Height/Weight: 6’9, 255 lbs
Paschall is one of the best players in all of college basketball and he does so many different things well. Perhaps the most noticeable and impressive part of his game is his motor and effort. He never takes a play off and crashes the glass hard at both ends. His effort is truly unmatched and his constant hustle leads to so many winning plays for his team. This is something you can’t teach and that NBA teams absolutely love to see in a prospect.
Paschall’s talent matches his effort as he is a force on both ends of the court. He is an excellent shooter for his size, possessing solid form on his jumper and is able to connect on mid-range and three point shots efficiently.
However, he’s at his best offensively when he faces up and attacks the basket. He uses a nice combination of strength and quickness to get into the lane and make things happen. He is a terrific finisher at the rim and can convert with both hands, and he is also good at dishing it off to the open man when the defense collapses.
Paschall is blessed with some serious bounce, which often leads to some sweet highlight reel dunks. That leaping ability combined with his non-stop motor makes him one of the best offensive rebounders in college hoops.

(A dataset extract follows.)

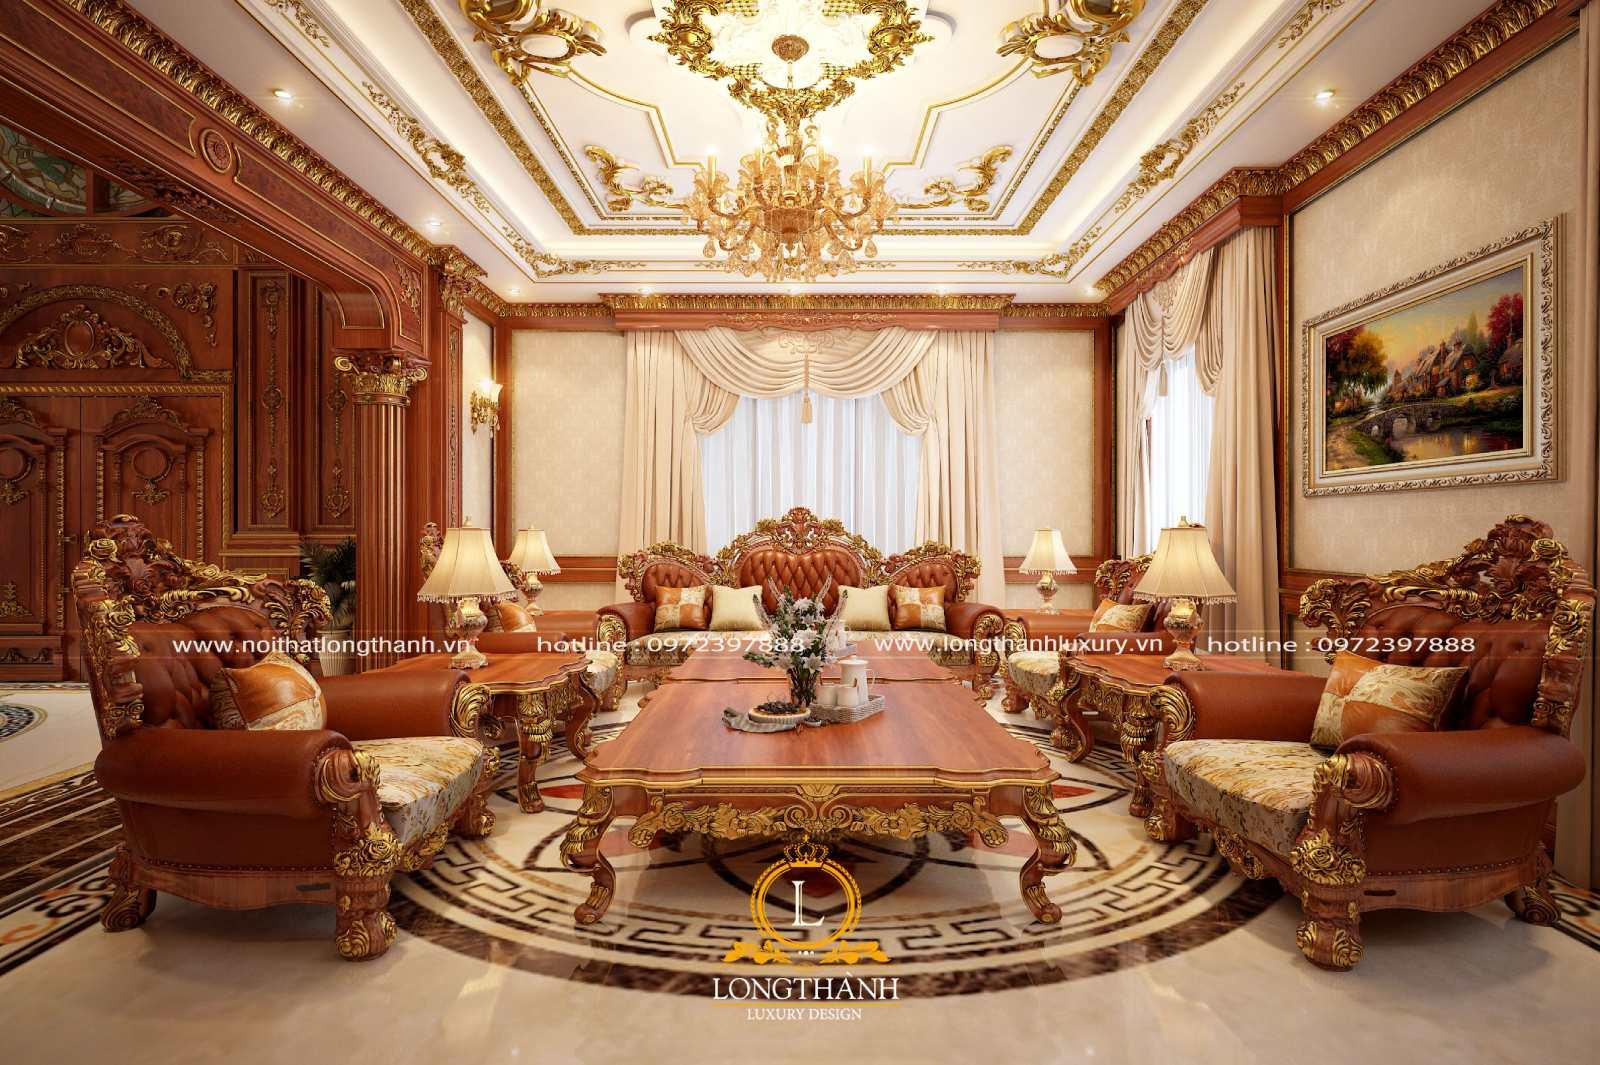 sofa mạ vàng tân cổ điển

I could honestly go on all day about the things Paschall does well, but the bottom line is he’s just a winner. He was the most overlooked player on last year’s national championship team, and if Villanova makes a tournament run this year, it’ll largely be due to Paschall’s play.
Unfortunately, Paschall’s main glaring weakness is something that’s beyond his control- his height. He is very undersized as a center and, though he is strong, will struggle to guard seven footers in the post. While he does have the shooting stroke that NBA teams look for in a stretch four, he lacks the speed of a modern power forward.
Another area Eric Paschall struggles with is staying out of foul trouble. He has no problem being physical in the post or switching off of screens and stepping out to the perimeter to cover guards, but he tends to be a little over-aggressive defensively. This will be an even bigger problem in the NBA, as the game is called tighter than in college ball. Paschall needs to work on moving his feet more and not rely on playing defense with his upper body in order to avoid picking up fouls.
With his high level of talent and skill and unmatched effort making up for what he lacks in height, Paschall is a great option for a team drafting late in the first round. He would fit in well coming off the bench for any team, providing scoring and energy when a spark is needed. If he can prove to be a consistent scorer and playmaker on offense and improve his defense enough to be serviceable at that end of the floor, he could turn into a solid NBA starter down the road.
No matter where Paschall ends up, he’ll bring a winning culture into the locker room, something that both struggling and winning teams value highly. He certainly has all the intangibles to be successful at the next level, and the extent of his success will come down to his ability to use his skill and those intangibles to overcome his height.